Hydronephrosis-Associated Renal Fibrosis: Clinical Validation of Spp1 as a Biomarker and Therapeutic Target.

Abstract

Background: Renal fibrosis is a key driver of chronic kidney disease (CKD), often leading to end-stage renal disease (ESRD). Secreted Phosphoprotein 1 (Spp1) is implicated in fibrotic processes, but its specific role in renal fibrosis, particularly associated with hydronephrosis, remains underexplored. This study investigates Spp1's involvement using transcriptomic analysis, machine learning, and clinical data integration.

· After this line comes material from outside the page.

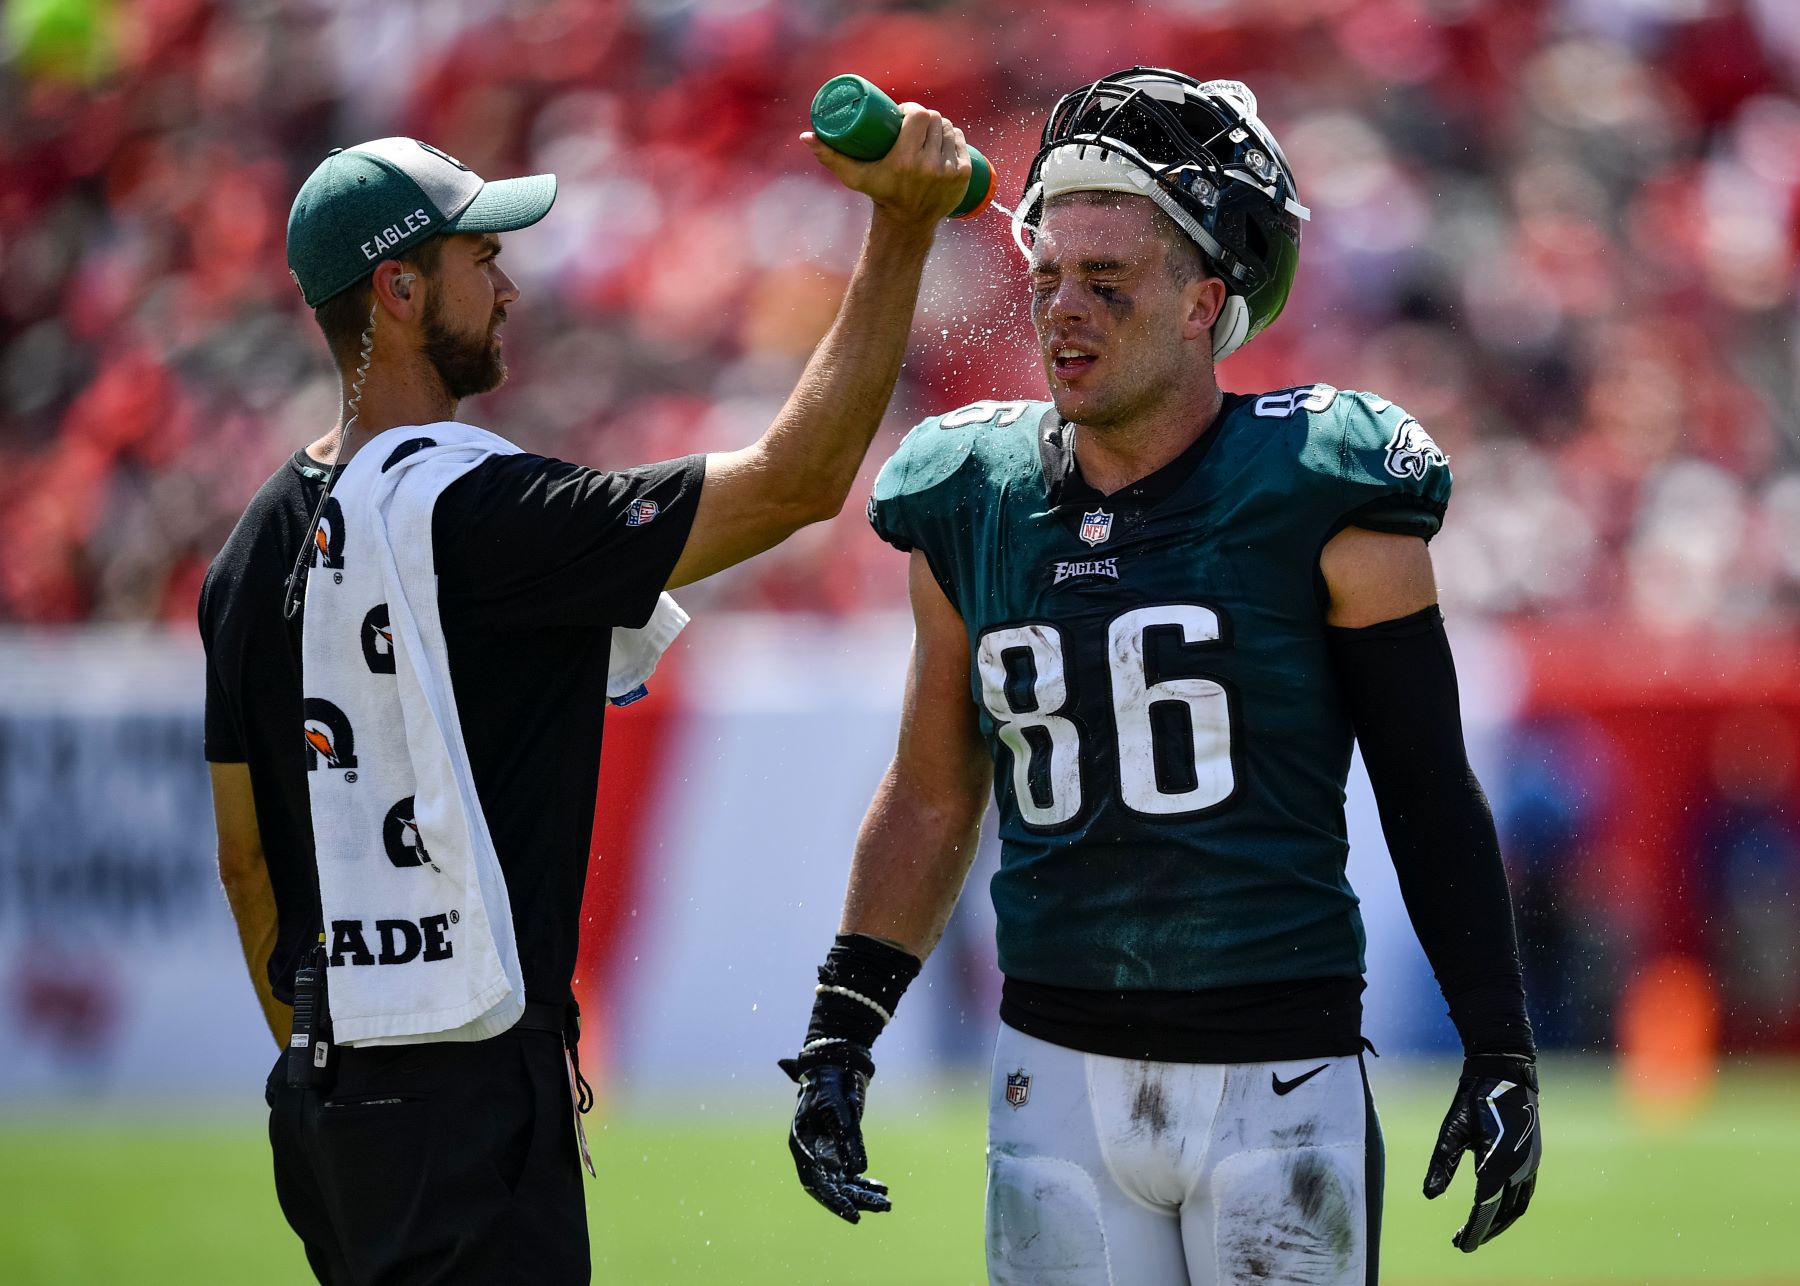 Philadelphia Eagles tight end Zach Ertz hosed down by water boy during an NFL game against the Tampy Bay Buccaneers at Raymond James Stadium in Tampa, Florida

Methods: Renal tissues from sham-operated and UUO7 (unilateral ureteral obstruction) mice were analyzed via transcriptome sequencing to identify differentially expressed genes (DEGs). Hub genes were identified through Weighted Gene Co-expression Network Analysis (WGCNA) and pathway enrichment. LASSO regression pinpointed potential biomarkers, with Spp1 validated in mouse and human samples through RT-PCR and immunohistochemistry. Clinical correlations were drawn from hydronephrosis patient data.

Results: Transcriptomic analysis revealed 5,219 DEGs, highlighting key pathways including IL-17, TNF, and PI3K/AKT. Spp1 emerged as a significant biomarker, strongly associated with tubular injury and fibrosis markers such as neutrophil gelatinase-associated lipocalin (NGAL). Logistic regression and ROC analyses confirmed Spp1 and urinary transferrin (U-TRF) as predictors of severe hydronephrosis, with high diagnostic accuracy (AUC: 0.898 for Spp1; 0.938 for U-TRF).

Conclusions: Spp1 is a critical mediator in renal fibrosis and a promising biomarker for assessing hydronephrosis severity. Its diagnostic value, particularly when combined with U-TRF, underscores the need for further research into Spp1-targeted therapies in renal fibrosis.